THE WRETCHED BLEMISH
What’s the deal with the measles? (Offered in the tone and tempo of Jerry Seinfeld, of course.) Measles outbreaks are taking up a lot of time and space, even here in Canada, in the traditional and new press. Along with that, I keep reading that RFK Jr, the new head of America’s Health and Human Services, is promoting things backward and upside down as preventatives or cures and generally making everything worse, as he's always so determined to do.

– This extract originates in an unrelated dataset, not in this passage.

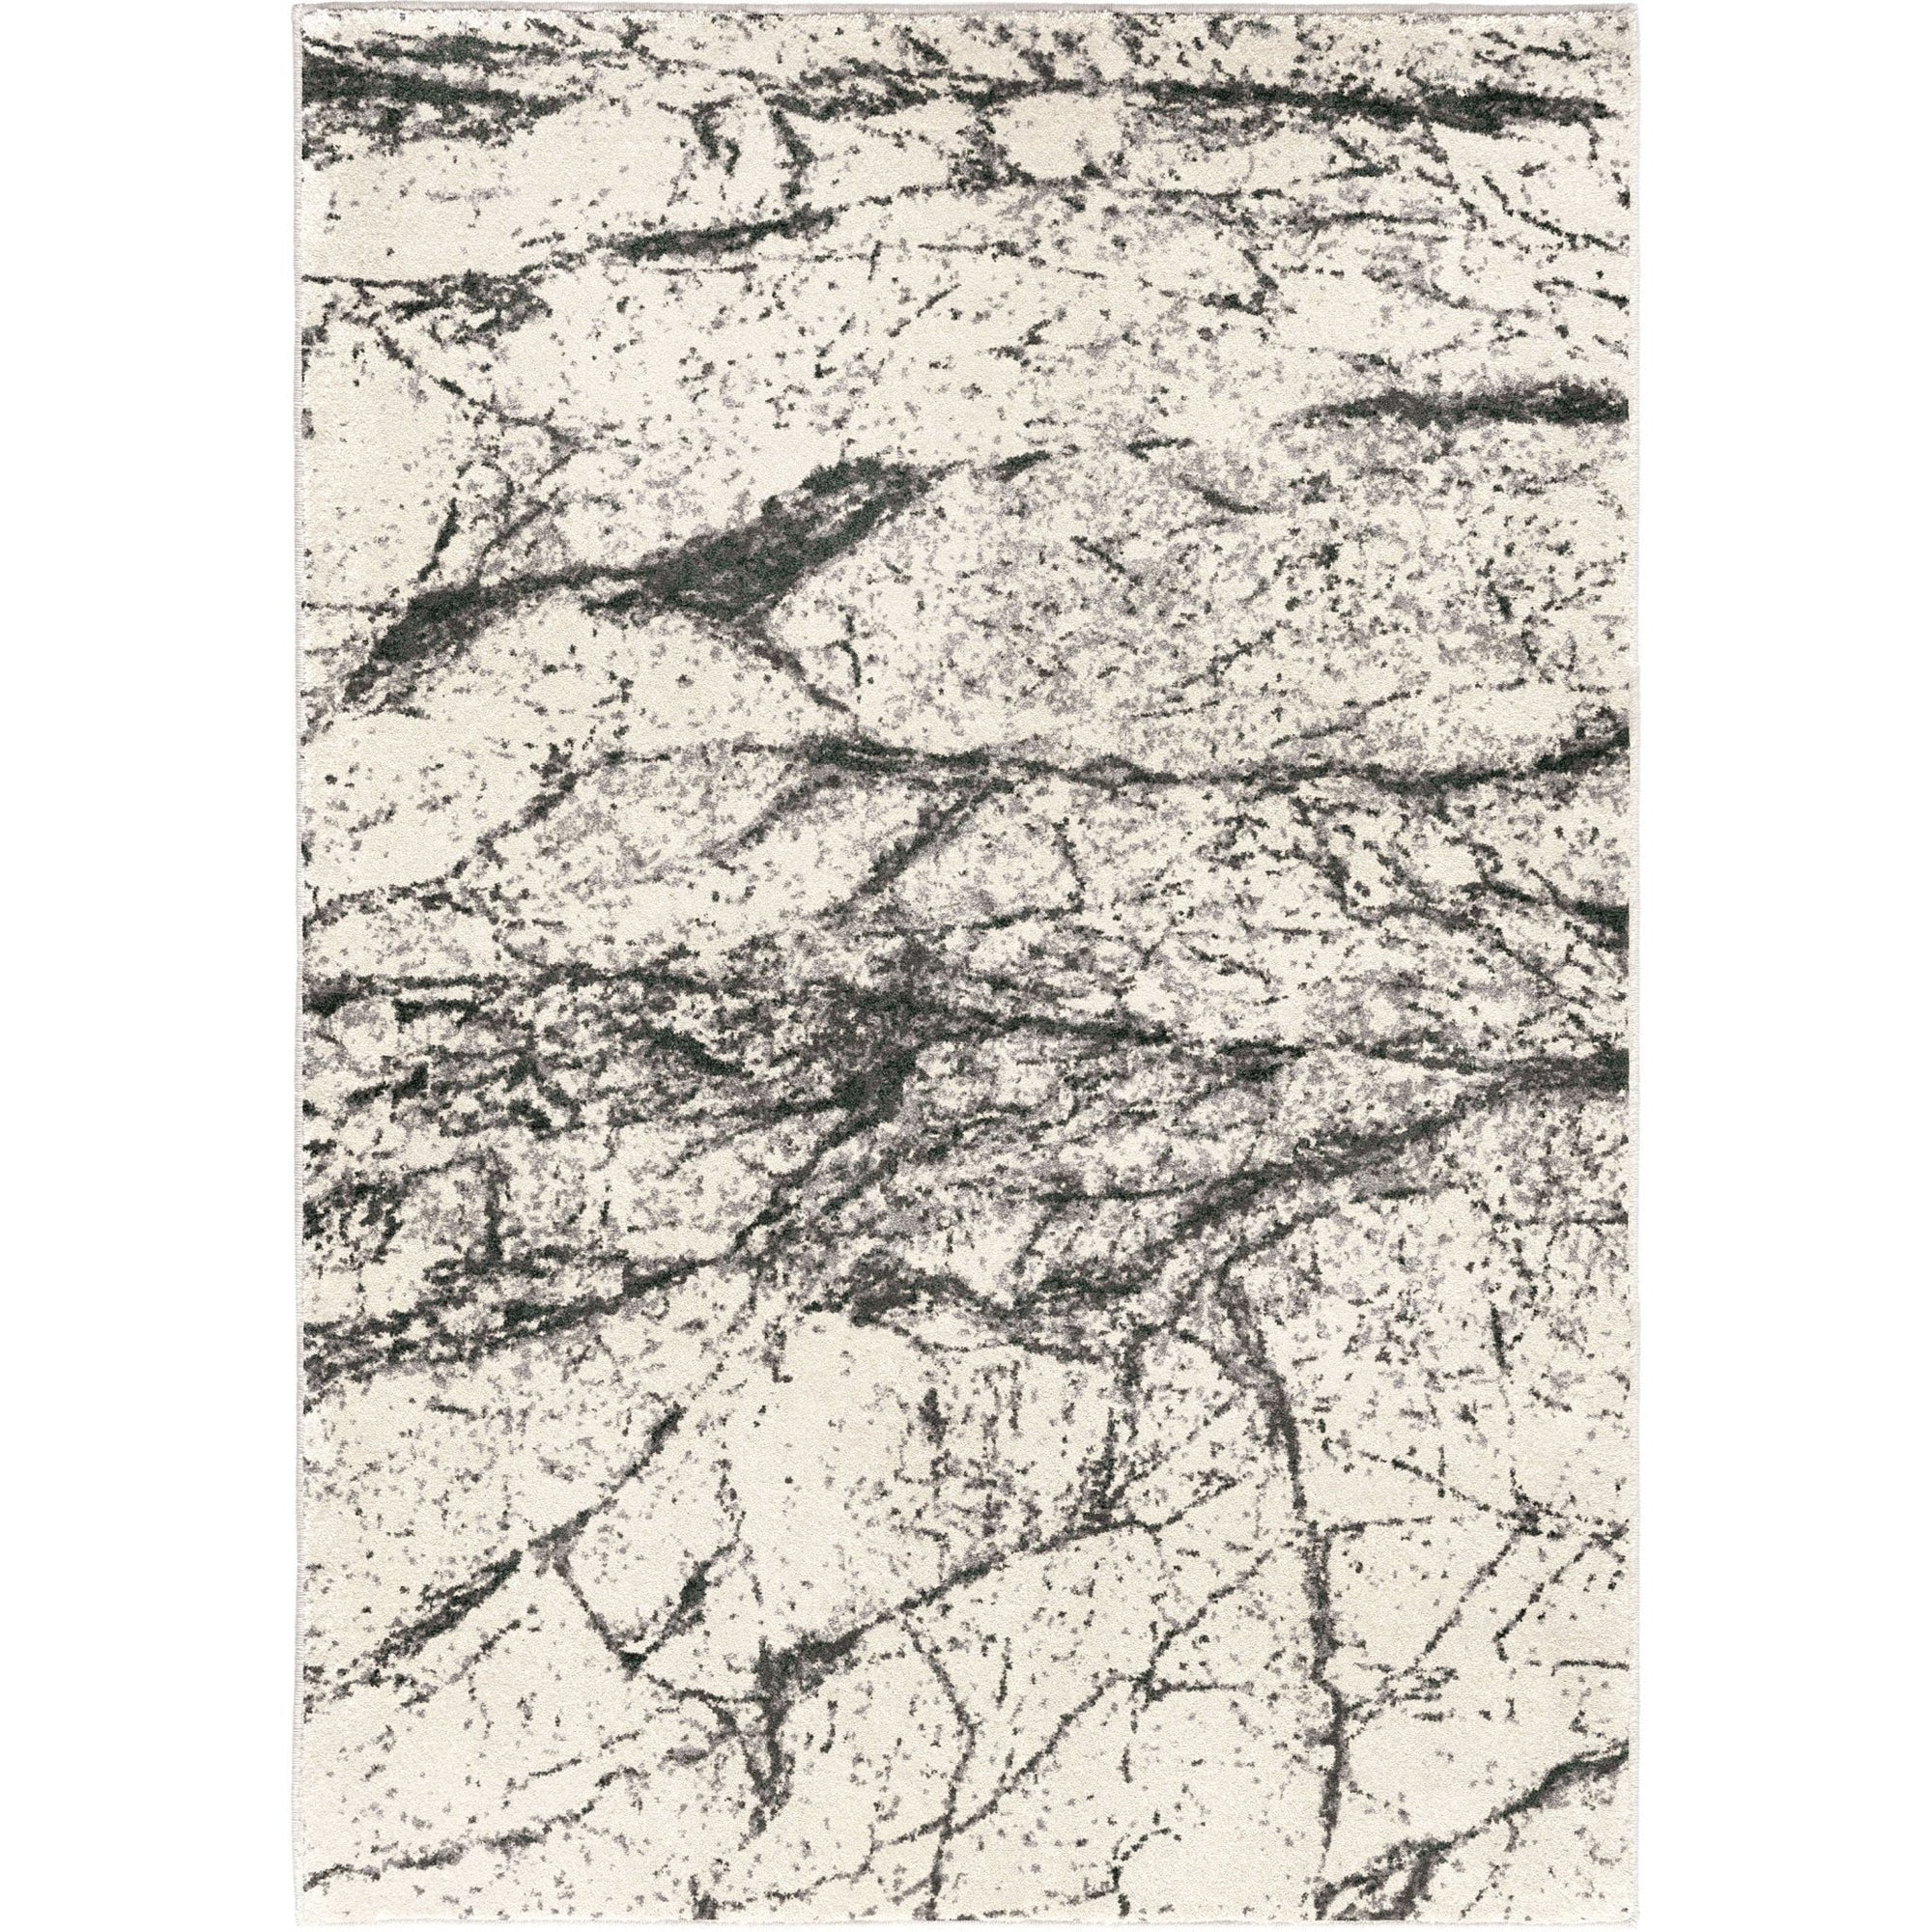 Riverstone 9014 Marble Hill Natural Rug - Rug & Home

So what do you suspect I will find if, as objectively as possible, I attempt to learn about the history of measles in America, the recent scenario and current outbreak, and go and look up what the HHS leadership has been offering the public during what some (medical professionals in the media and publishing on social media) claim could be the start of a major epidemic? Let’s find out? (LOOK OUT, HE’S DOING HIS OWN RESEARCH!)
HISTORY
When I go looking, I find that data on measles was first gathered in the US in 1912. That year it became a nationally notifiable disease and, thusly, any cases and deaths from the illness required formal reporting and recording. I learn that the case rate was up around 700 per 100,000 people (among a total US population of 100,000,000) and that fatalities from the disease in that year were approximately 6,000. And I learn that average annual cases through the 1910s and 1920s were in the same range, as were fatalities, likely somewhere between 5,000 and 7,000. I also learn that a licensed and publicly available vaccination against this illness wouldn’t arrive for another forty years, not until 1963.
So, I wonder, what did the death totals look like in the 1940s and ‘50s? Why that's interesting is that this period was still prior to a vaccine but the population was far larger and with far more folks living in close quarters in the city (with the country going from about 45% urban to nearly 70%, many major cities doubling or quadrupling in population, and with a booming infant cohort.) One might expect yearly measles cases way up and deaths to be approaching 10,000 at that time (and maybe this regular and significant loss of life is what spurred a more vigorous search for a vaccine…) That's what I assumed. Well, if like me you thought that you would be dead wrong. That was not the situation, not at all.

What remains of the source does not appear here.